Also, you can see the replication status via Web UI:

Deployment Topology

» Example - Cluster 3

Cluster 3 is a DR secondary of cluster 1; therefore, its list of known_primary_cluster_addrs should include the cluster address of each node in cluster 1 (or a load balancer that will direct it there).

The DR Secondary must be kept synchronized with its DR primary. The last_wal of primary and last_remote_wal of secondary should be the same (or nearly the same with a little latency introduced by the network).

$ vault read -format=json sys/replication/status

{
  ...

  "data": {
    "dr": {
      "cluster_id": "68561173-3a72-e79c-56ba-14ab1da6f26f",
      "known_primary_cluster_addrs": [
        "https://primary.example.com:8201"
      ],
      "last_remote_wal": 333,
      "merkle_root": "a56eb5f6e01abe9834fa083fe5974564923a1f88",
      "mode": "secondary",
      "primary_cluster_addr": "https://primary.example.com:8201",
      "secondary_id": "dr_secondary",
      "state": "stream-wals"
    },
    "performance": {
      "mode": "disabled"
    }
  },
  "warnings": null
}

» Example - Cluster 4

Cluster 4 is a DR secondary of cluster 2; as in the example for cluster 3, the last_wal of primary and last_remote_wal of secondary should be the same (or nearly the same with a little latency introduced by the network).

$ vault read -format=json sys/replication/status

{
  ...

  "data": {
    "dr": {
      "cluster_id": "559369e0-4897-013a-ed7c-2b817969c643",
      "known_primary_cluster_addrs": [
        "https://perf-secondary.example.com:8201"
      ],
      "last_remote_wal": 920,
      "merkle_root": "5b643128fa4d1bd2f0f28913a6581981436728d9",
      "mode": "secondary",
      "primary_cluster_addr": "https://perf-secondary.example.com:8201",
      "secondary_id": "dr_secondary",
      "state": "stream-wals"
    },
    "performance": {
      "mode": "disabled"
    }
  },
  "warnings": null
}

» Port Traffic Consideration with Load Balancer

Vault generates its own certificates for cluster members. All replication traffic uses the cluster port using these Vault-generated certificates after initial bootstrapping. Because of this, the cluster traffic can NOT be terminated at the cluster port on the load balancer level.

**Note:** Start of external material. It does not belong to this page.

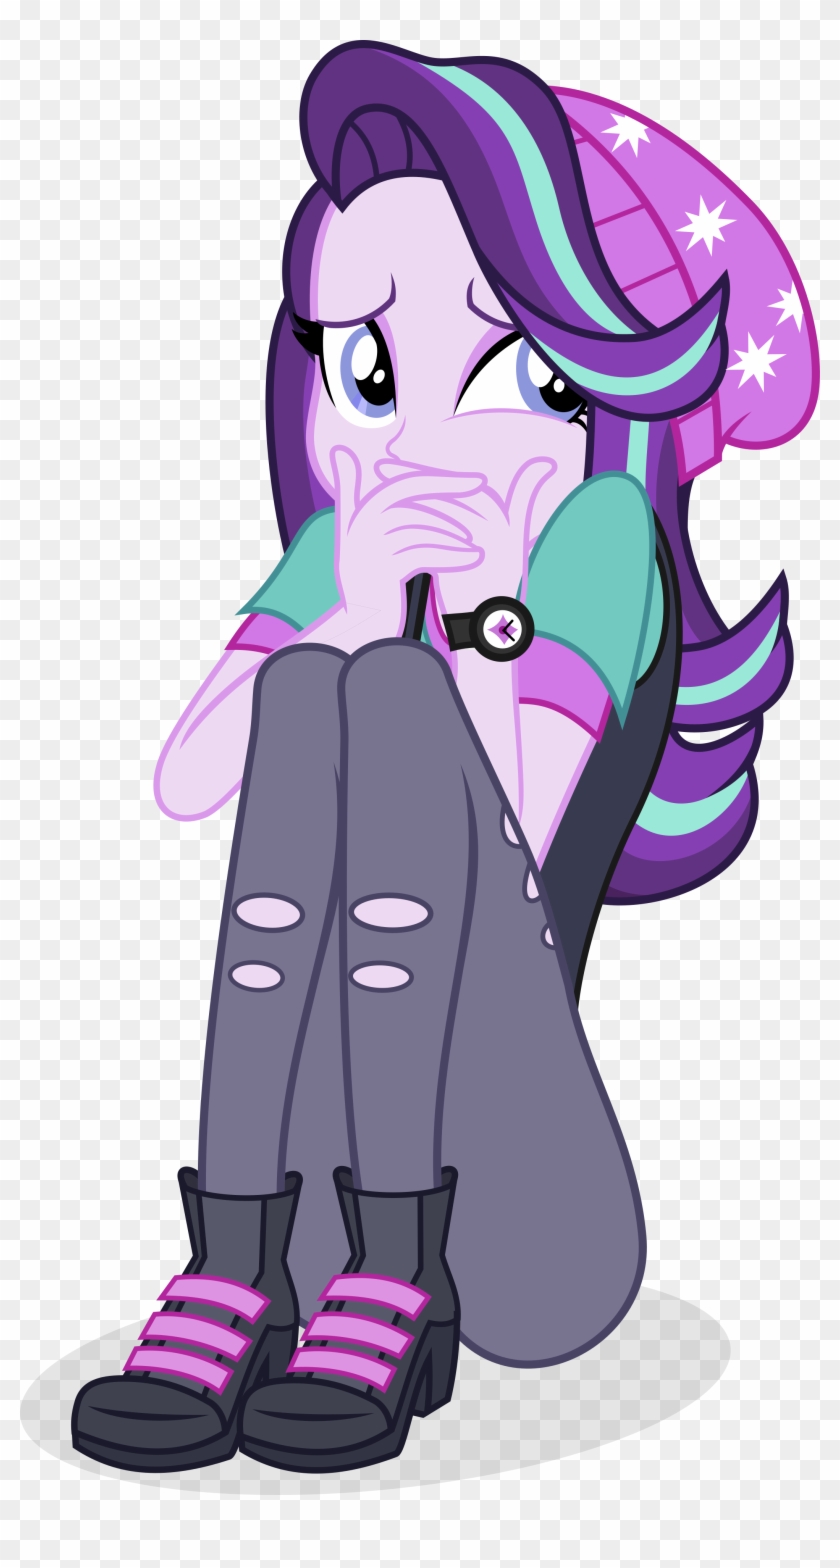 Starlight Scared By Punzil504 Starlight Scared By Punzil504 - Starlight Glimmer Eg Png #1301911
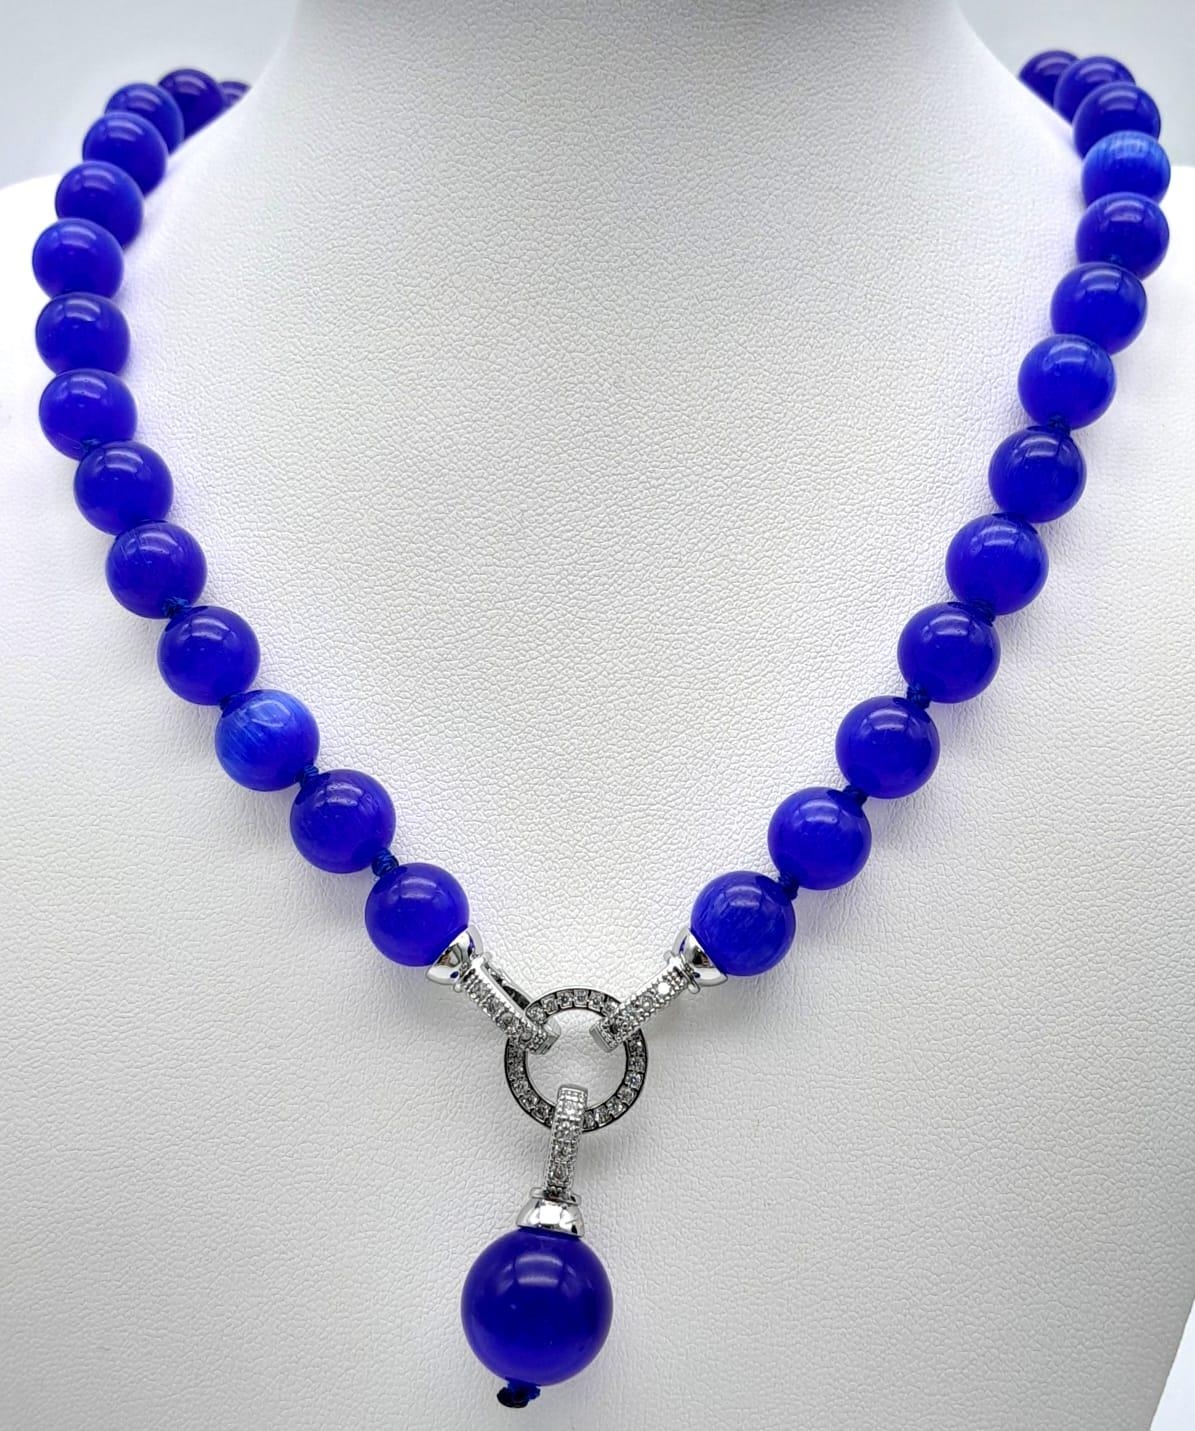 A Blue Cats Eye Bead Necklace with Hanging Pendant. 10mm and 14mm beads. 42cm necklace length.

If your platform of choice is AWS, use the Classic Load Balancer (ELB) or Network Load Balancer (NLB) rather than Application Load Balancer (ALB). ALB requires the connection to be terminated and does not support TCP pass through. Therefore, if you are trying to use an ALB for replication traffic, you will run into issues.

If needed, set the primary_cluster_addr to override the cluster address value for replication when you enable the primary.

» WAL Replays

Write-Ahead Logs (WALs) are replayed at startup as well as during a reindex. At startup, the WAL replay is completely blocking of incoming requests (no writes or reads).

During a reindex, the behavior depends on the Vault version:

  • Version 0.11.2 and later: When the reindex is triggered manually via /sys/replication/reindex endpoint, the very last WAL replay of the reindex will block writes, but reads will be allowed. The rest of the reindex is non-blocking. If a reindex occurs at startup (e.g. if index records were lost or manually deleted from the underlying storage), the WAL replay blocks the incoming requests (no writes or reads) until the reindex completes.
  • Version 0.11.1 and earlier: The entire reindex is fully blocking of all operations (no reads or writes).

» Reindex

To keep the replicated data consistent across the primary and secondary, Vault maintains Merkle trees. If replication is in a bad state or data has been removed from the storage backend without Vault's knowledge, you can trigger reindexing of the Merkle tree via the /sys/replication/reindex endpoint. Reindex replication process can restore the potentially out-of-sync Merkle tree from the underlying storage so that the tree reflects the correct state of all encrypted secrets.

This is a powerful tool in a situation where unintentional loss of index records occurred.

NOTE: The time it takes to reindex depends on the number and size of objects in the data store.

» Key Monitoring Metrics

This section explains some of the key metrics to look for that are specific to Vault Replication.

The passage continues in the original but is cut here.